Drawbacks of making homework too visible

A challenge from using an online homework planner was recently brought to my attention by a deputy head teacher. Her school decided to switch over to Milk and abandon their existing digital homework diary with another supplier. Apart from this school’s appraisal of Milk’s functionality, a motivating factor in deciding to switch was something I had not heard before and was concerned about resources being uploaded by teachers that could potentially and wittingly contravene copyrights and licensing.

With teachers hoarding resources from different teaching roles over the years and re-using them, I can appreciate how easily this might occur. The problem is when resources are attached to homework tasks that are displayed on a weekly calendar, typically embedded onto a school website, therefore out in the public domain. The rationale for showing homework this way initially appears to makes sense until you realise, apart from paying for a glorified web calendar a school could build themselves, your school has no control over who sees the school’s repertoire of homework tasks and resources.

This is actually the complete opposite to how Milk works and deliberately so for reasons I shall explain. Then there’s the annoyance for some teachers amongst us of having that painstakingly planned homework task being plagiarised by teachers from other schools. I’m referring here to the “free rider” problem and notice how we said “some” teachers, because we teachers are generally selfless folk who willingly share best practice and resources with each other. If you’re not convinced, just check out Twitter for countless examples of such occupational altruism occurring on an hourly basis.

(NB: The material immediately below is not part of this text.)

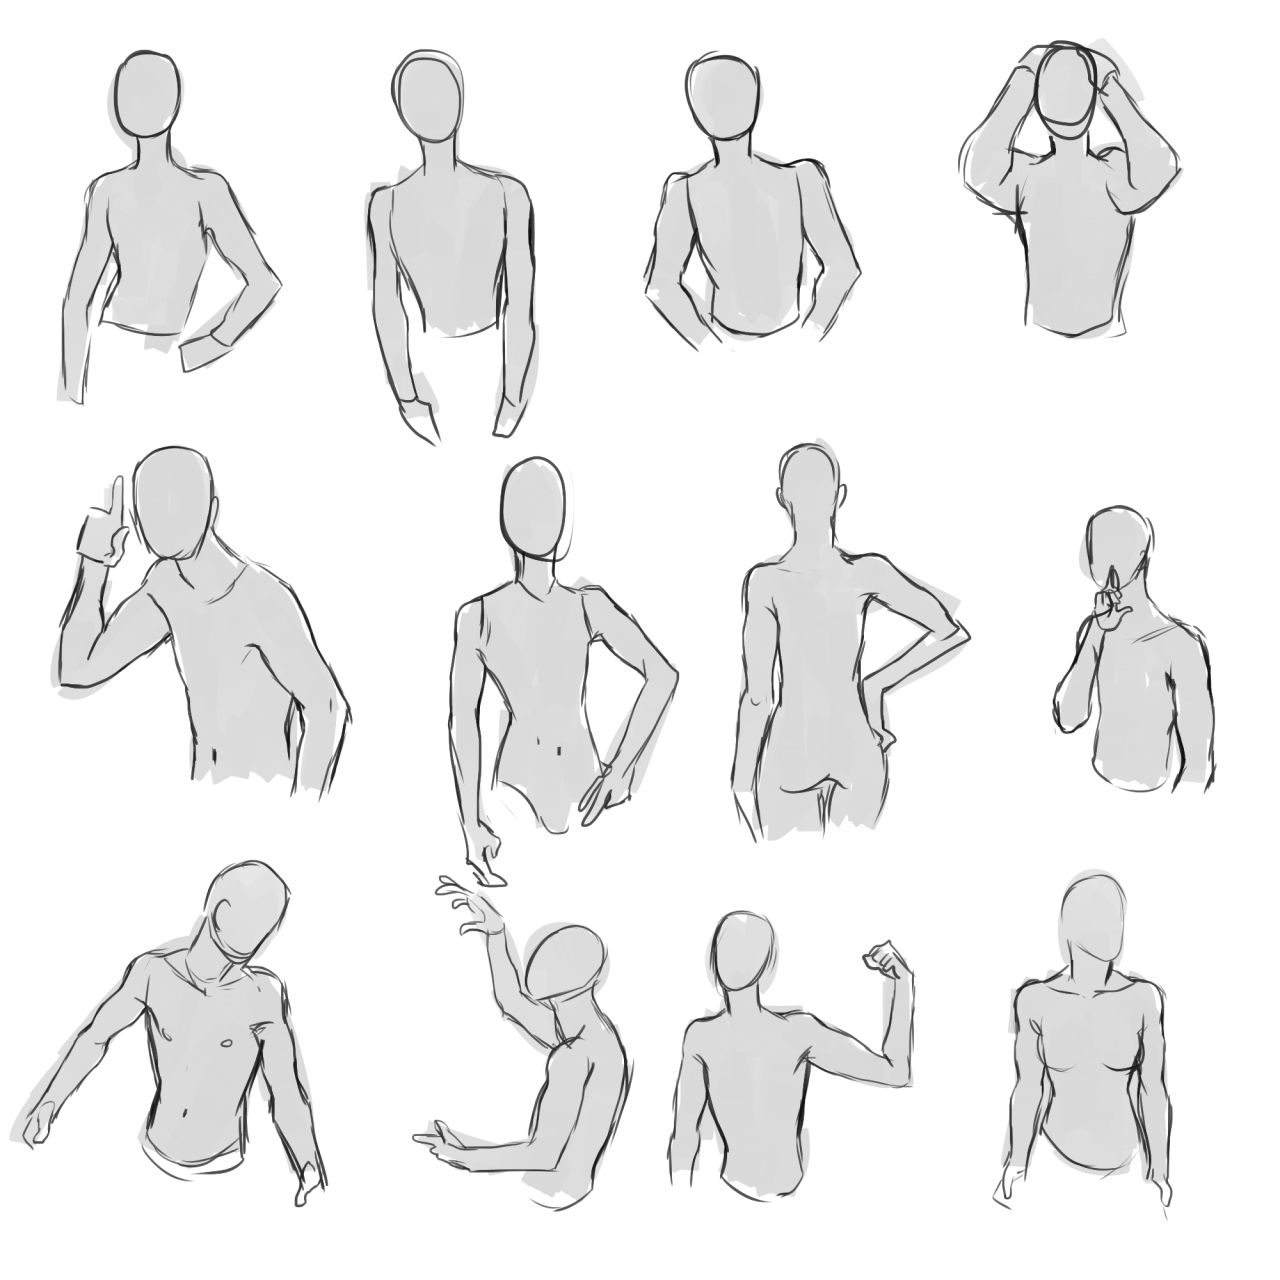 1280x1280 reference crossed drawing arms - Arms Crossed Drawing Ref...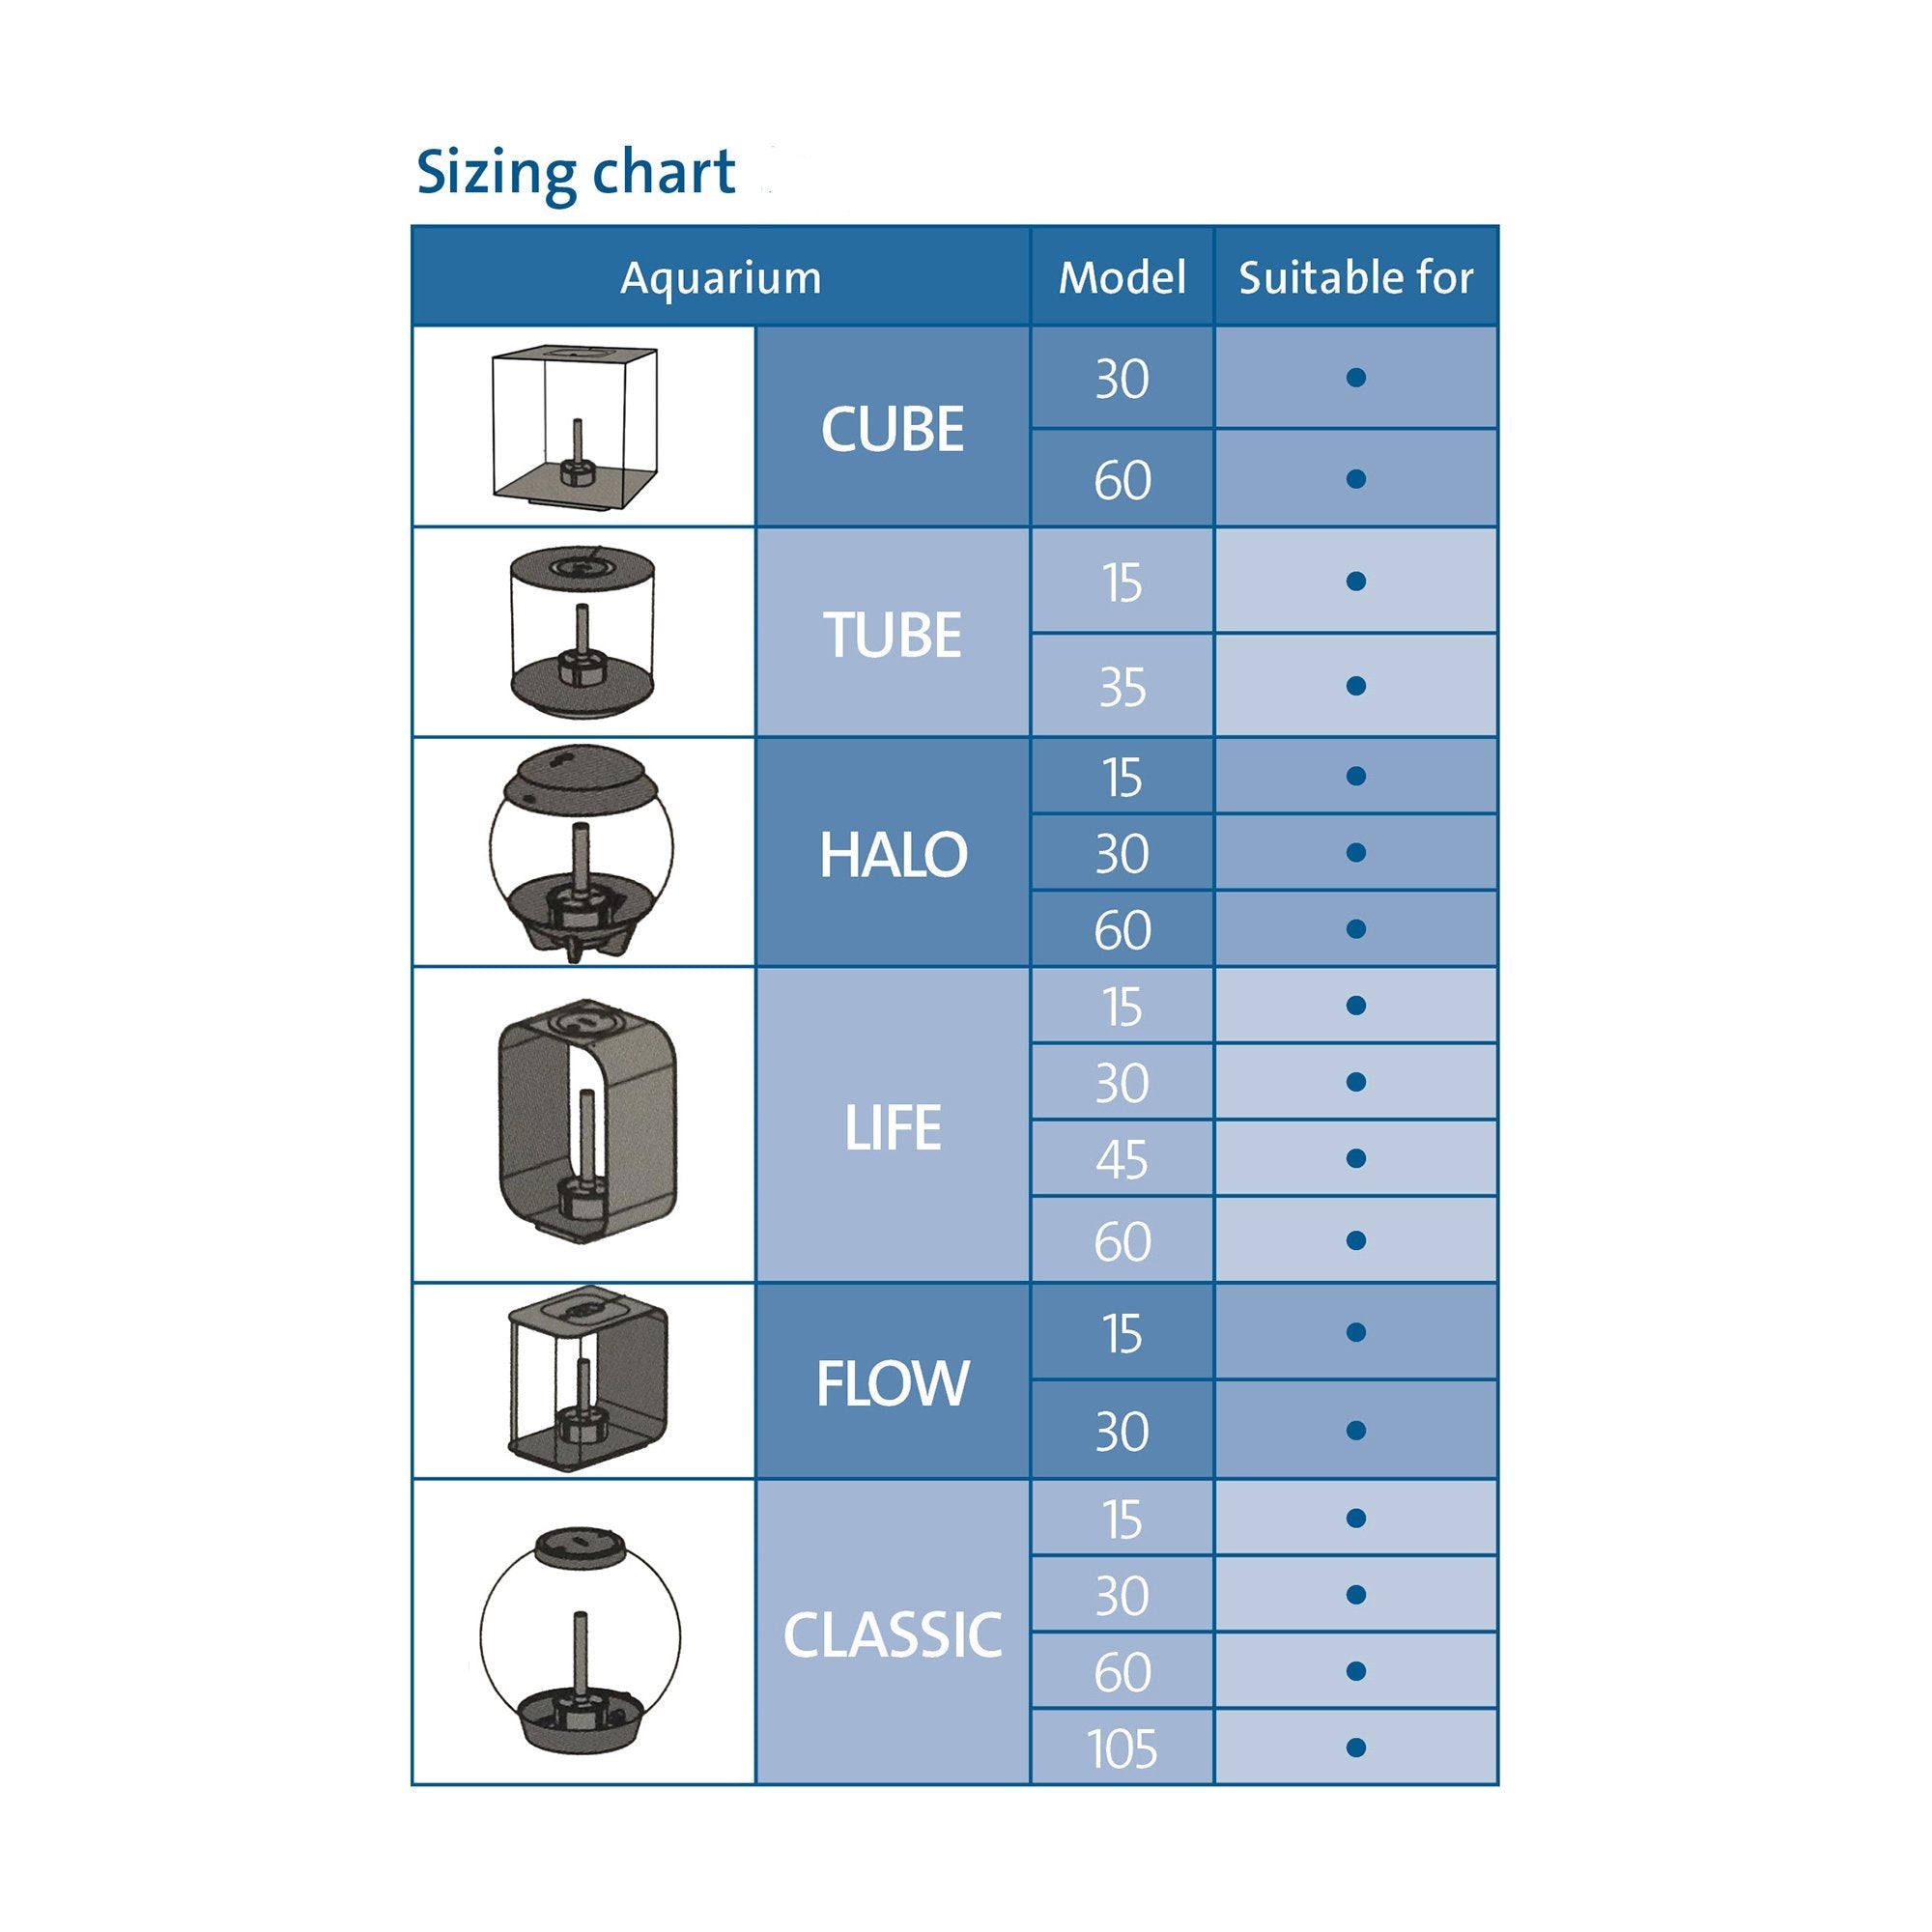 Use the chart to ensure biOrb decor will fit your aquarium

With ever increasing work scrutiny and accountability facing our classroom teachers and their line managers, many in the teaching profession yearn for a notion of trust by preserving some degree of operational discretion in how they teach.  It’s the old “autonomy in teaching” debate rearing its head again.  Because homework set via Milk is only privy to those who have a Milk account, teachers enjoy setting homework that’s only ever accessible to relevant students and parents. So in a sense, Milk gives schools the best of both worlds by providing accountability with features such as, downloadable homework reports and SLT overview capabilities, but at the same time it allows the introverted or modest teacher to keep their work out of the wider public domain.